Brinkibon Ltd v Stahag Stahl GmbH [1983] 2 AC 34 is a landmark decision of the House of Lords on the formation of a contract using modern communication. The Lords largely accepted the earlier leading decision of Entores v Miles Far East Co. [1955] 2 QB 327 on acceptance via telex.

==Facts==
Brinkibon was a London company that bought steel from Stahag, a seller based in Austria. Brinkibon sent their acceptance to a Stahag offer by telex to Vienna. Brinkibon later wanted to issue a writ against Stahag and applied to serve an out of jurisdiction party. They would only be able to do so if the contract had been formed in England.

The question at issue was where the contract was formed.

==Judgment==
The Judges decided that the contract was formed in Vienna. They accepted the principle in Entores v Miles Far East Co where in the case of instantaneous communication, which included telex, the formation generally occurs in the place where the acceptance is received.

Lord Wilberforce, however, did not see the rule as applying in all circumstances:

.... it appears logical that this should be at the place where acceptance is communicated to the offeror....

... I would accept it as a general rule. Where the condition of simultaneity is met, and where it appears to be within the mutual intention of the parties that contractual exchanges should take place in this way, I think it a sound rule, but not necessarily a universal rule...

Since 1955 the use of Telex communication has been greatly expanded, and there are many variants on it.
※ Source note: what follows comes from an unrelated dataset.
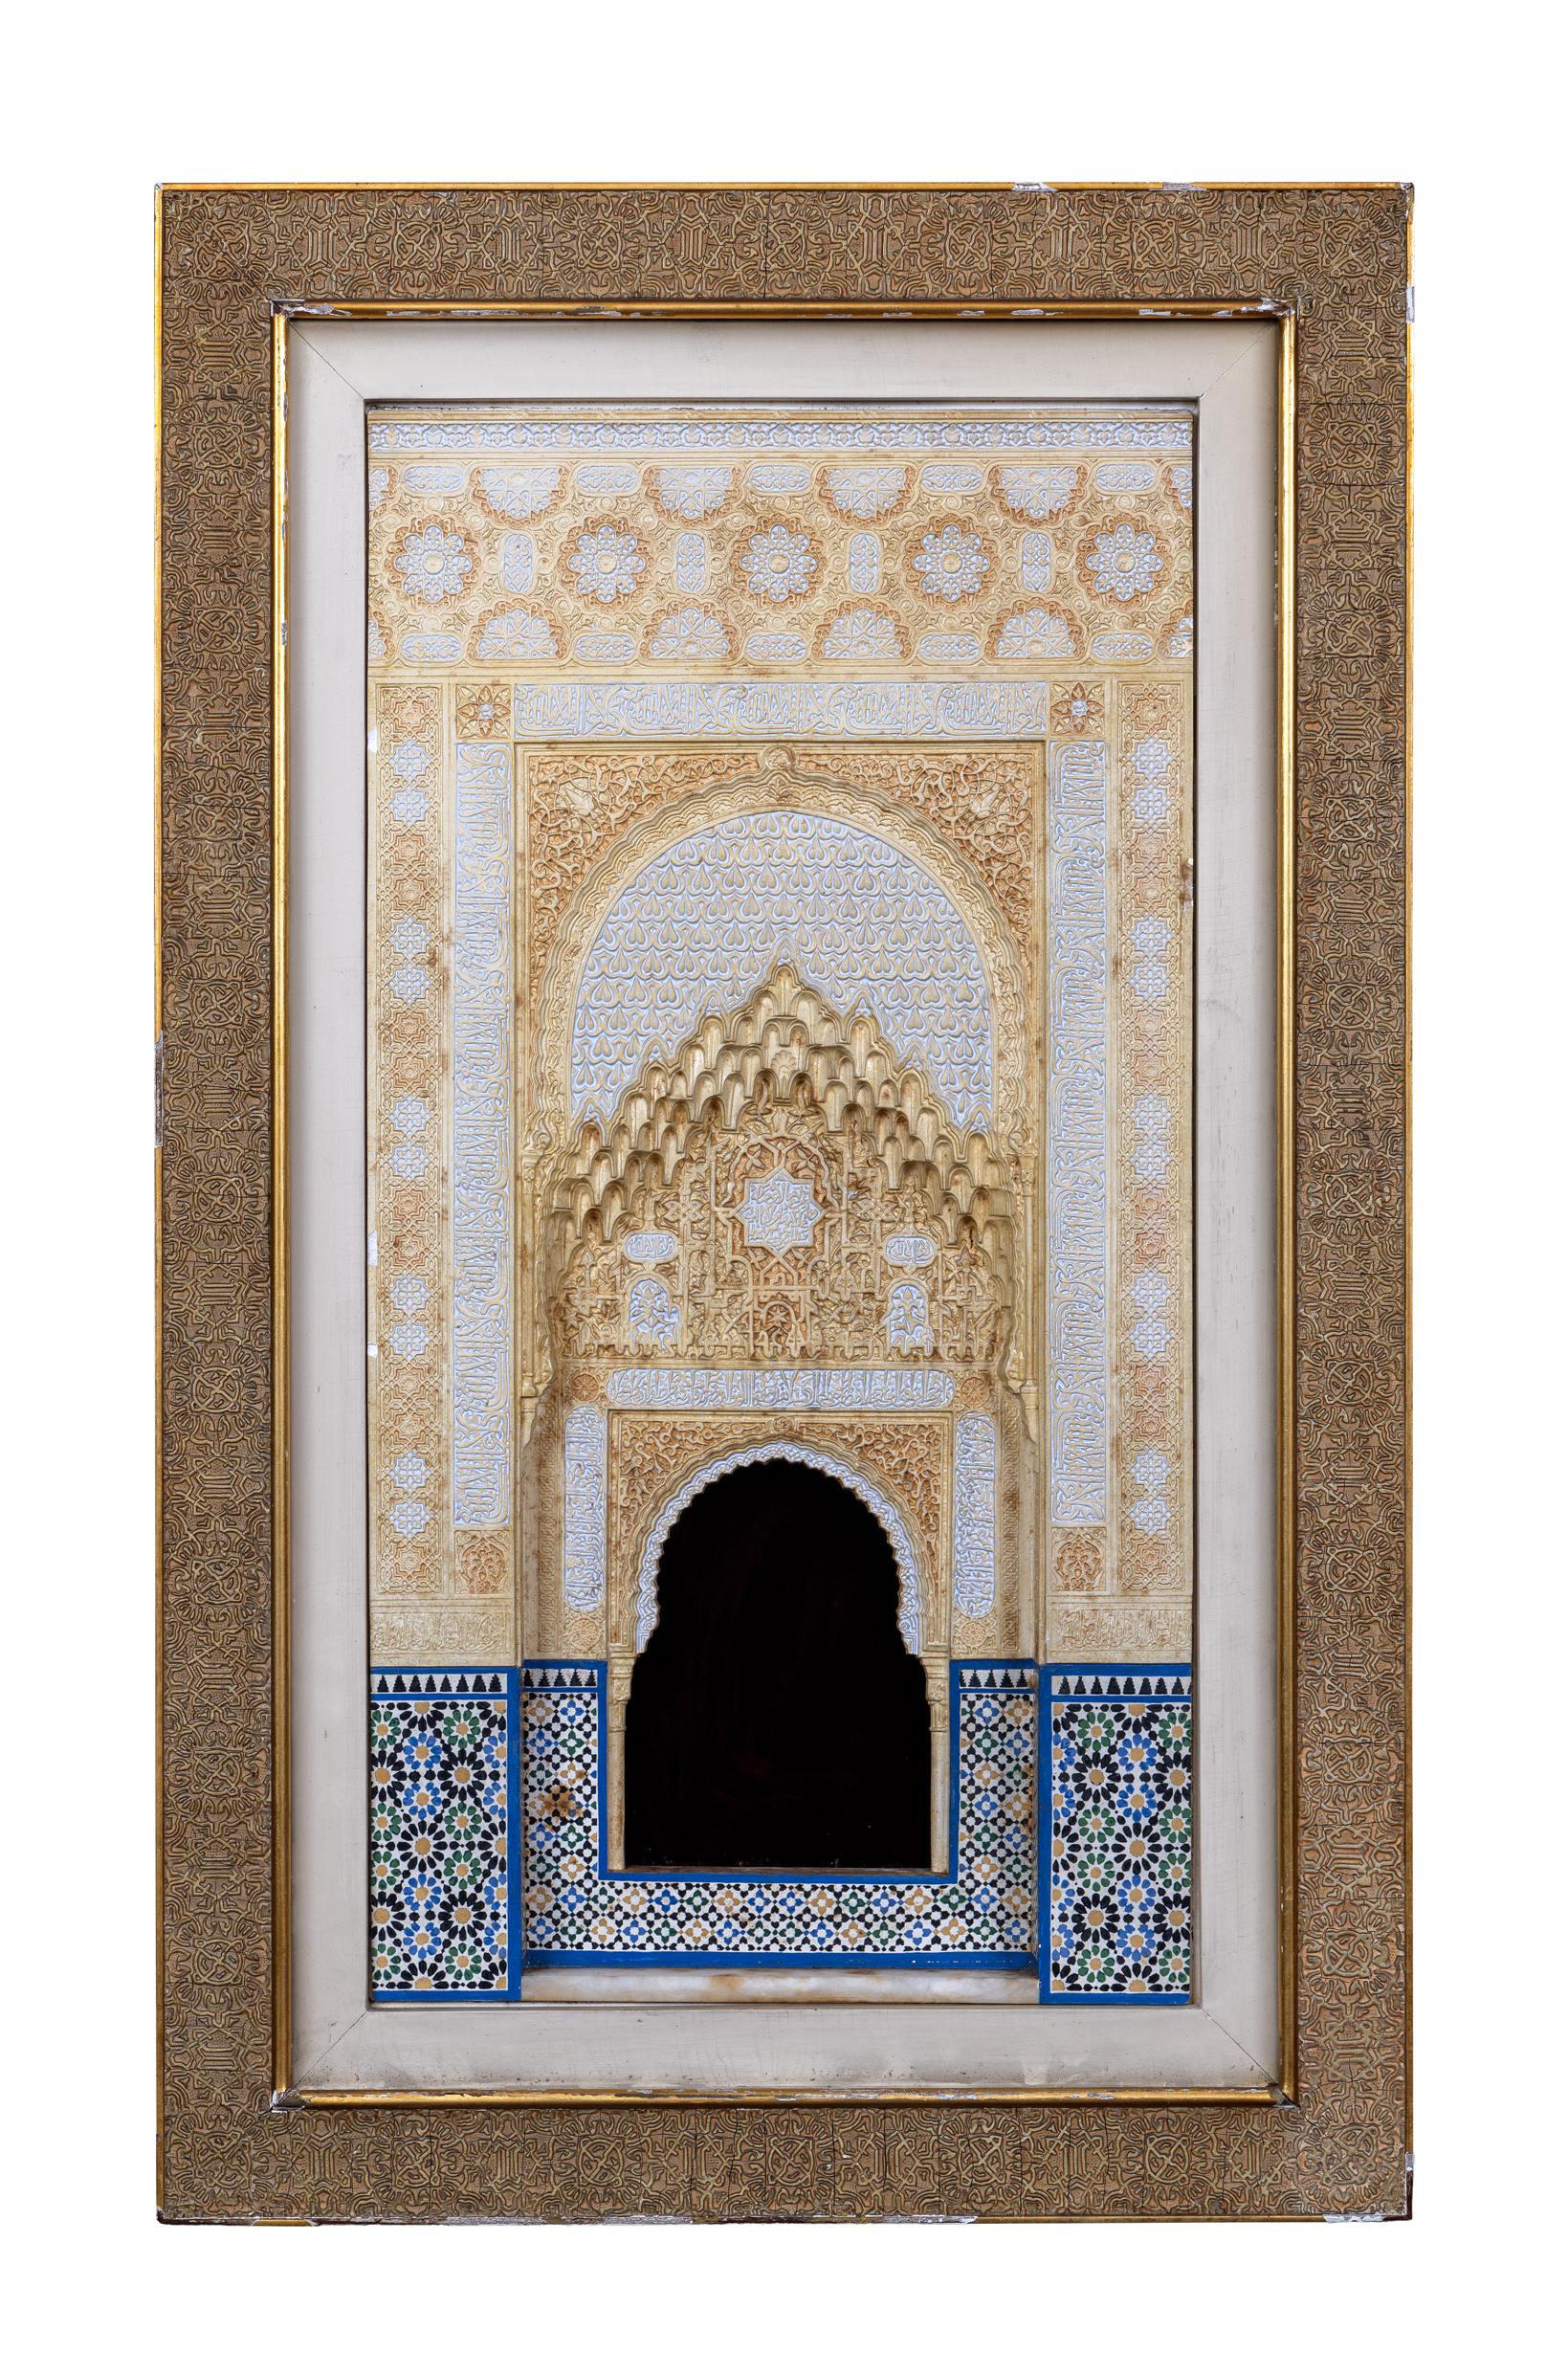 A Large Spanish Alhambra Architectural Model Plaque - Mixed Media Art by Rafael Contreras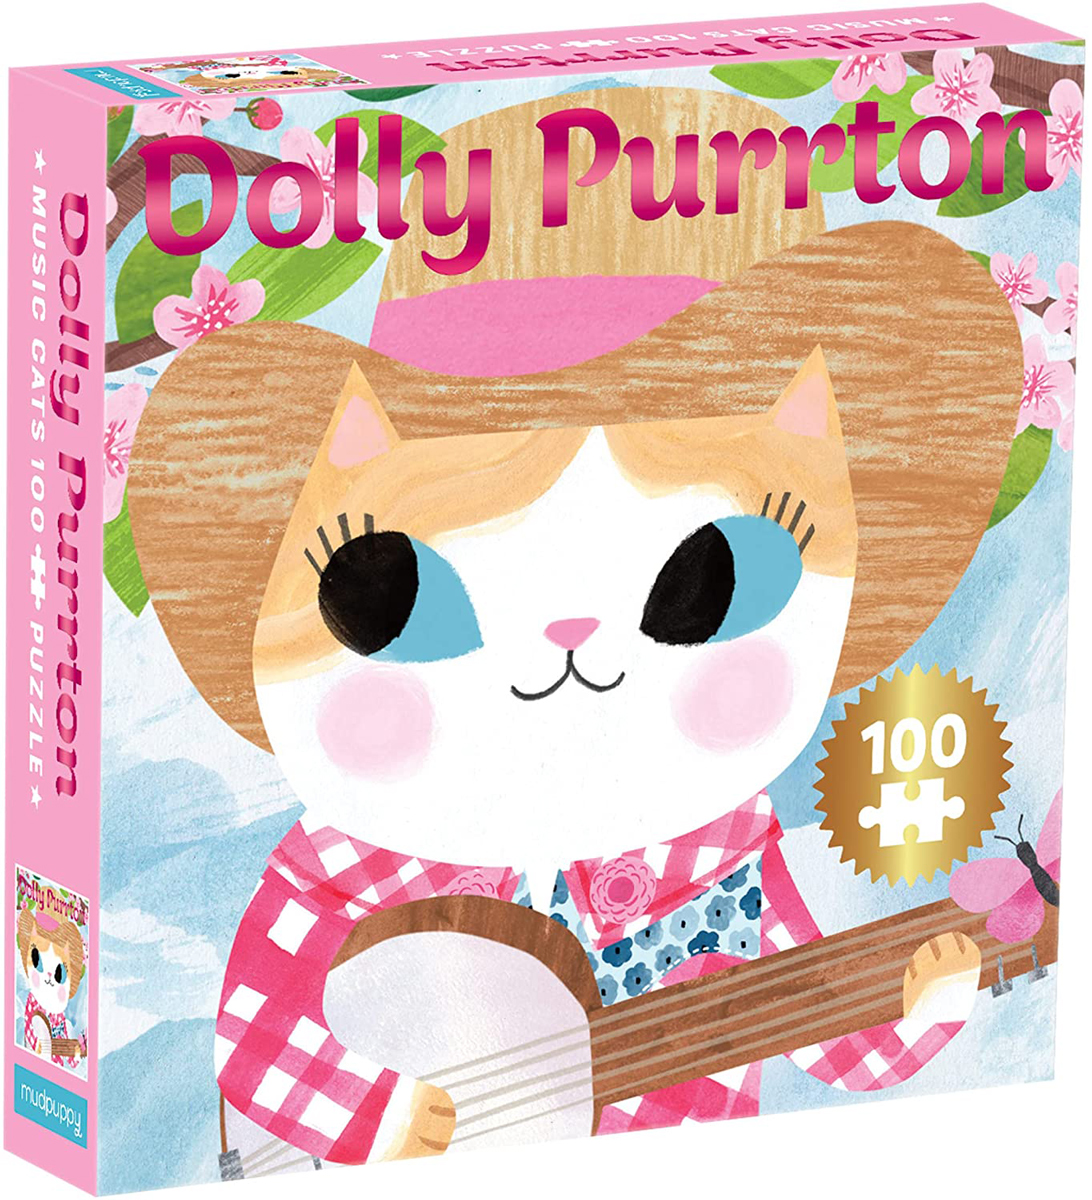 Dolly Purrton Music Cats Puzzle

The senders and recipients may not be the principals to the contemplated contract. They may be servants or agents with limited authority. The message may not reach, or be intended to reach, the designated recipient immediately: messages may be sent out of office hours, or at night, with the intention, or on the assumption that they will be read at a later time. There may be some error or default at the recipient’s end which prevents receipt at the time contemplated and believed in by the sender. The message may have been sent and/or received through machines operated by third persons. And many other variants may occur. No universal rule can cover all such cases; they must be resolved by reference to the intentions of the parties, by sound business practice and in some cases by a judgement where the risks should lie.

Lord Brandon said the following.

Unquestionably, as a general proposition, when an offer is made, it is necessary in order to make a binding contract, not only that it should be accepted, but that the acceptance should be notified.’ And the postal rule is an exception based on ‘commercial expediency… more convenient, and makes on the whole for greater fairness, than the general rule itself would do.